Is Bumbershoot Still a Historic Festival?

Drastically thinning crowds and a deteriorating experience begs for more change.

There was wiggle room aplenty at Bumbershoot 2011, and if you found a line it was probably for what appeared to be the only coffee vendor on the Seattle Center grounds (Starbucks in the Center House). Which highlights the following irony: The best weather the festival has seen in five years was accompanied by some of its worst crowds.

After a weekend spent wandering around hoping to find a hint of old Bumbershoot, it’s clear that the amoeba of fans that once moved in rhythm under the shadow of the Space Needle is nowhere to be found. And barring a home-run strategy, it’s not going to return.

Old Bumbershoot was a mess of the biggest names in rock and pop coupled with arts and culture spectacles big and small. Spread across a few dozen stages, its 74 acres was held together by buskers, proud freaks, and a sea of humanity that filled every pathway and strawberry-sundae line. Leaving a stage is when you truly experienced the festival. It was the spontaneity and happy mistakes made possible by the one-of-a-kind atmosphere that made Bumbershoot, to borrow the words of bandmates in local indie-pop outfit LAKE, “a historic festival.” Bumbershoot—for all the megastars it once hosted—used to be the headliner. But the masses are gone, and with them possibly the festival itself.

Bumbershoot can’t go small. That’s not possible considering the tens of thousands of moving pieces (determined attendees) it took to create it.
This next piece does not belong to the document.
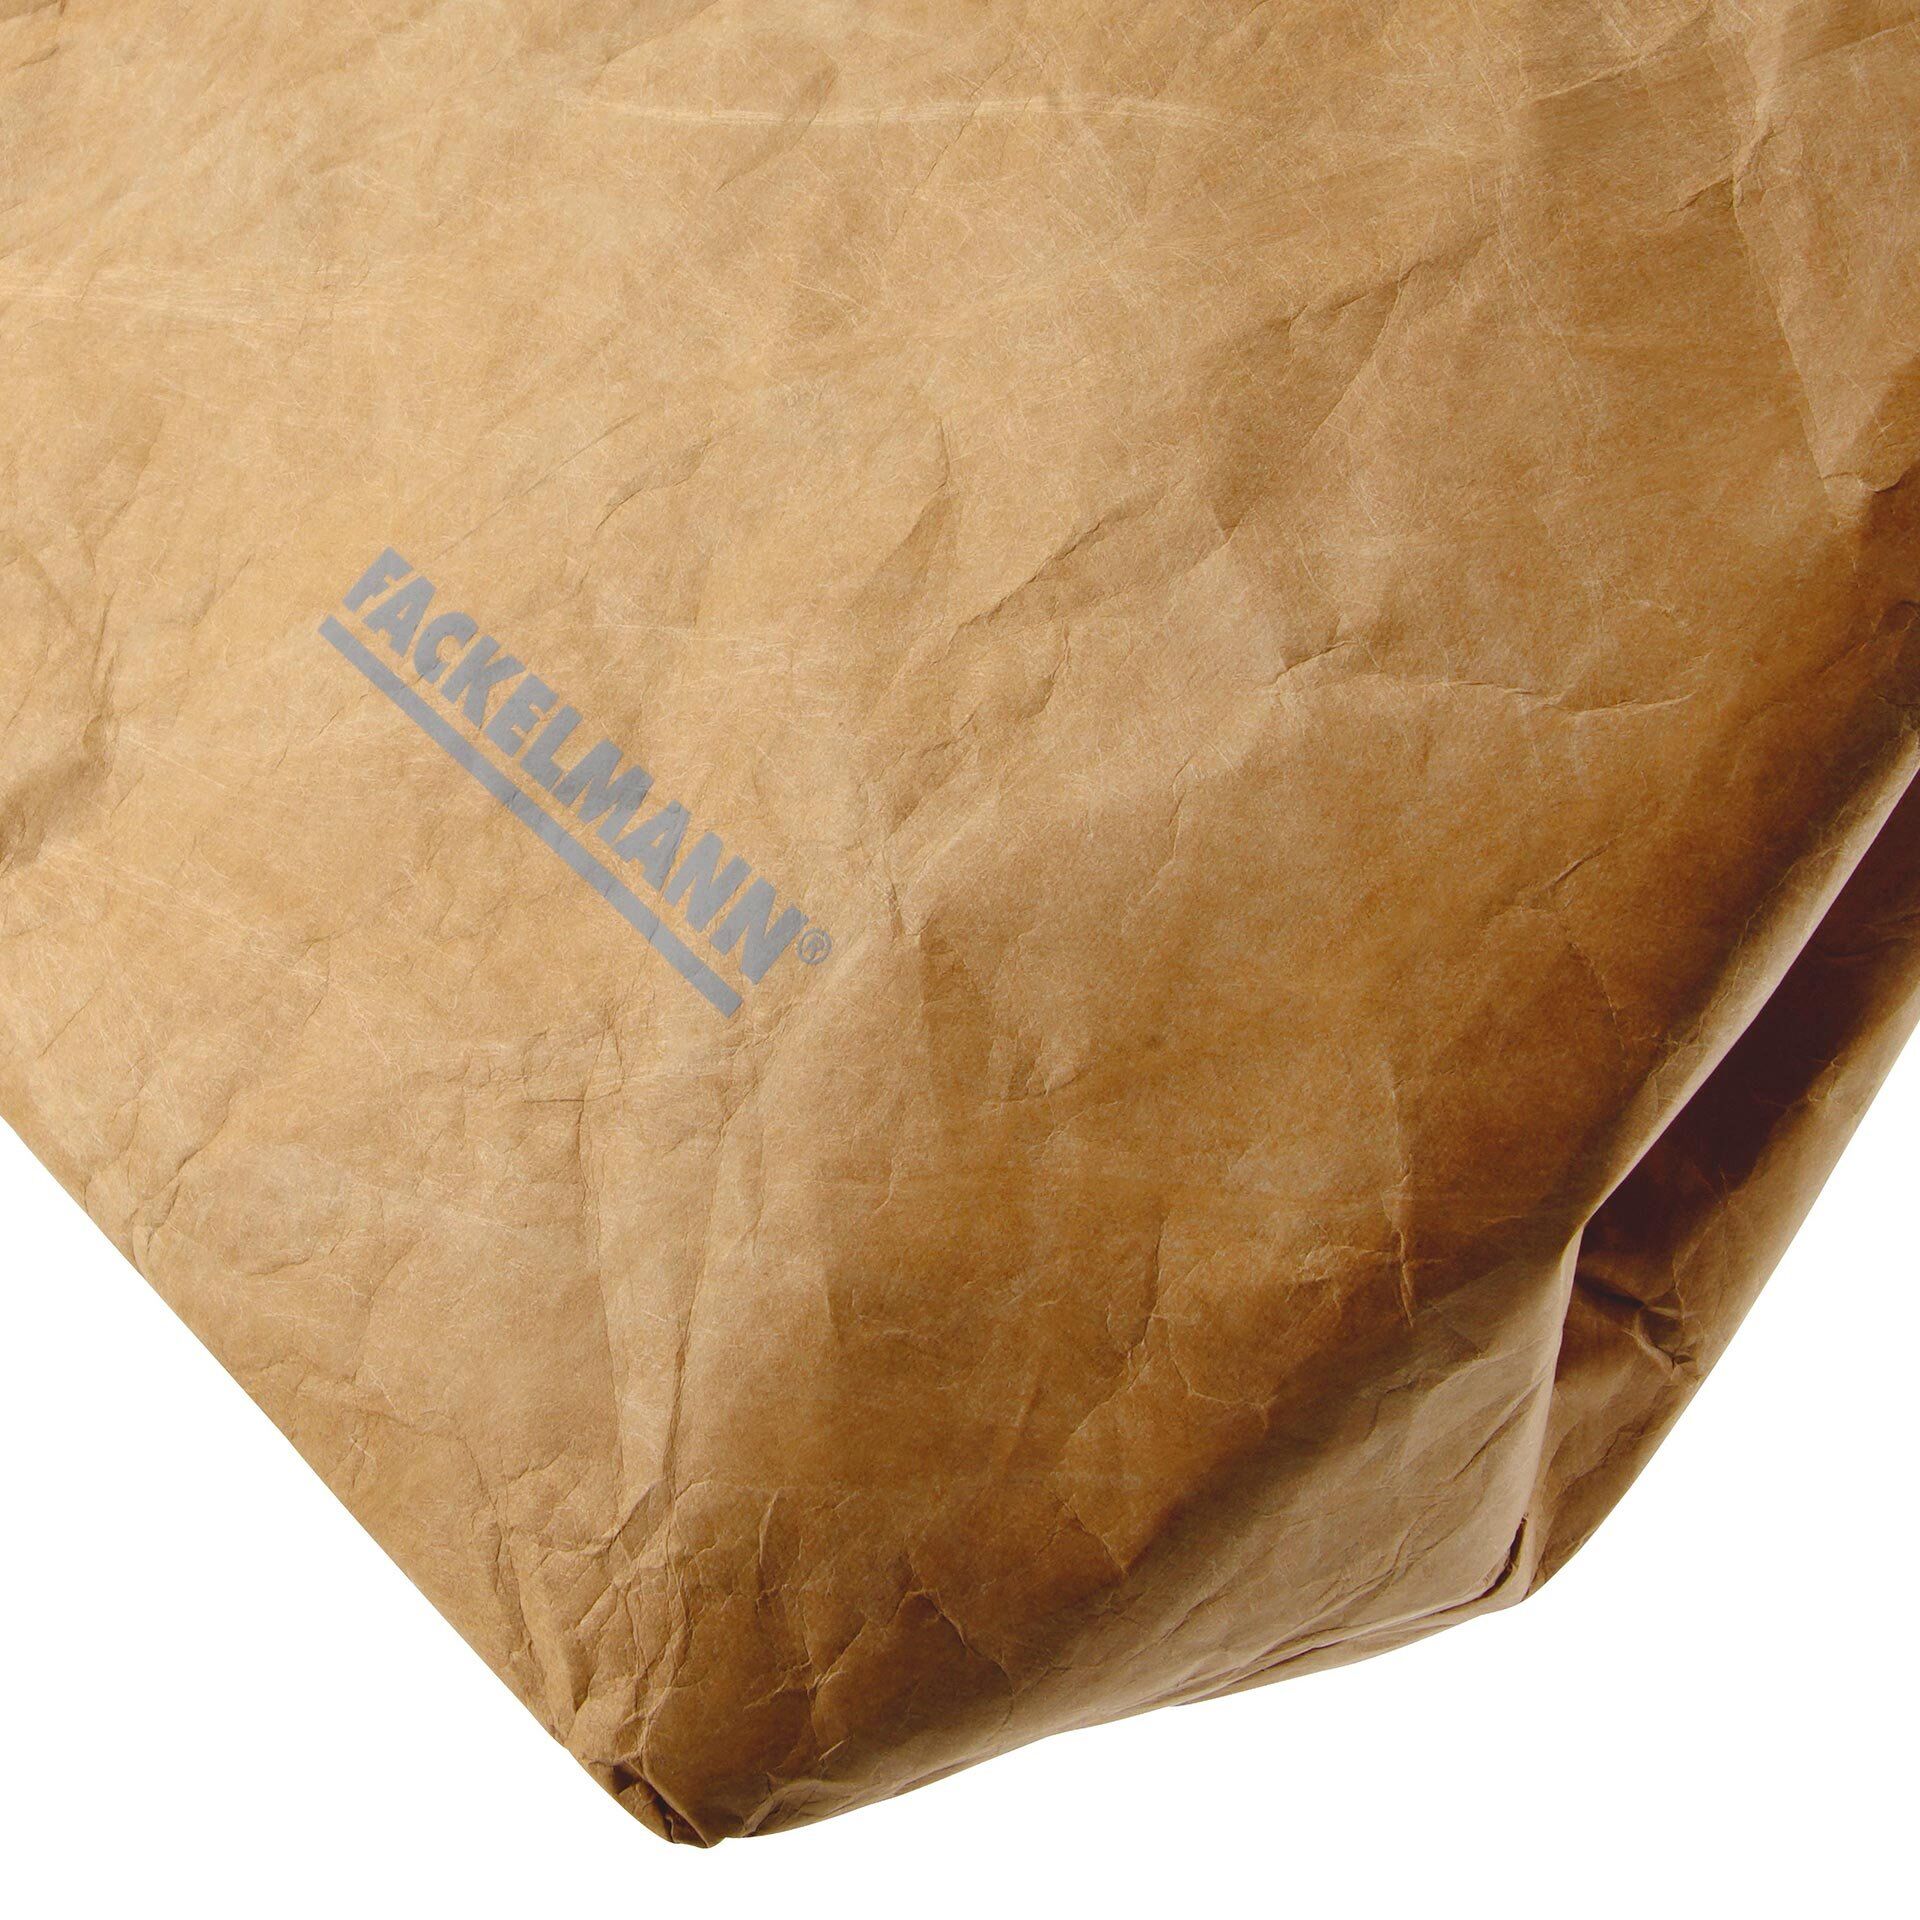 Lunchbag isoliert, Papierlook, groß

It’s got to become something new.

One Reel brass, the ones running the fest, deserve credit for recognizing Bumbershoot’s predicament more keenly than anyone. After years of dwindling crowds, One Reel spent two seasons reinventing; last year it offered a reduced-priced “economy” ticket, and this year it reduced the price of all tickets and lowered the star power on a smaller mainstage. But the solution—a new formula for a sustainable, unique festival—remains elusive.

Maybe the tea leaves were read wrong. Maybe instead of trying to create an affordable festival for everyone, the festival should become an expen-sive festival for a targeted audience. Sasquatch!, Bonnaroo, Lollapalooza, and Coachella sell thousands of tickets long before their lineups are ever released. Fans don’t know the bands, but they know what to expect. And they’re willing to pay handsomely—almost twice the cost of Bumbershoot—to experience it. Marquee headliners, it’s been rightly said, don’t make festivals, and never defined Bumbershoot. But this year proved they’re more a catalyst of the fest’s greatness than was previously acknowledged.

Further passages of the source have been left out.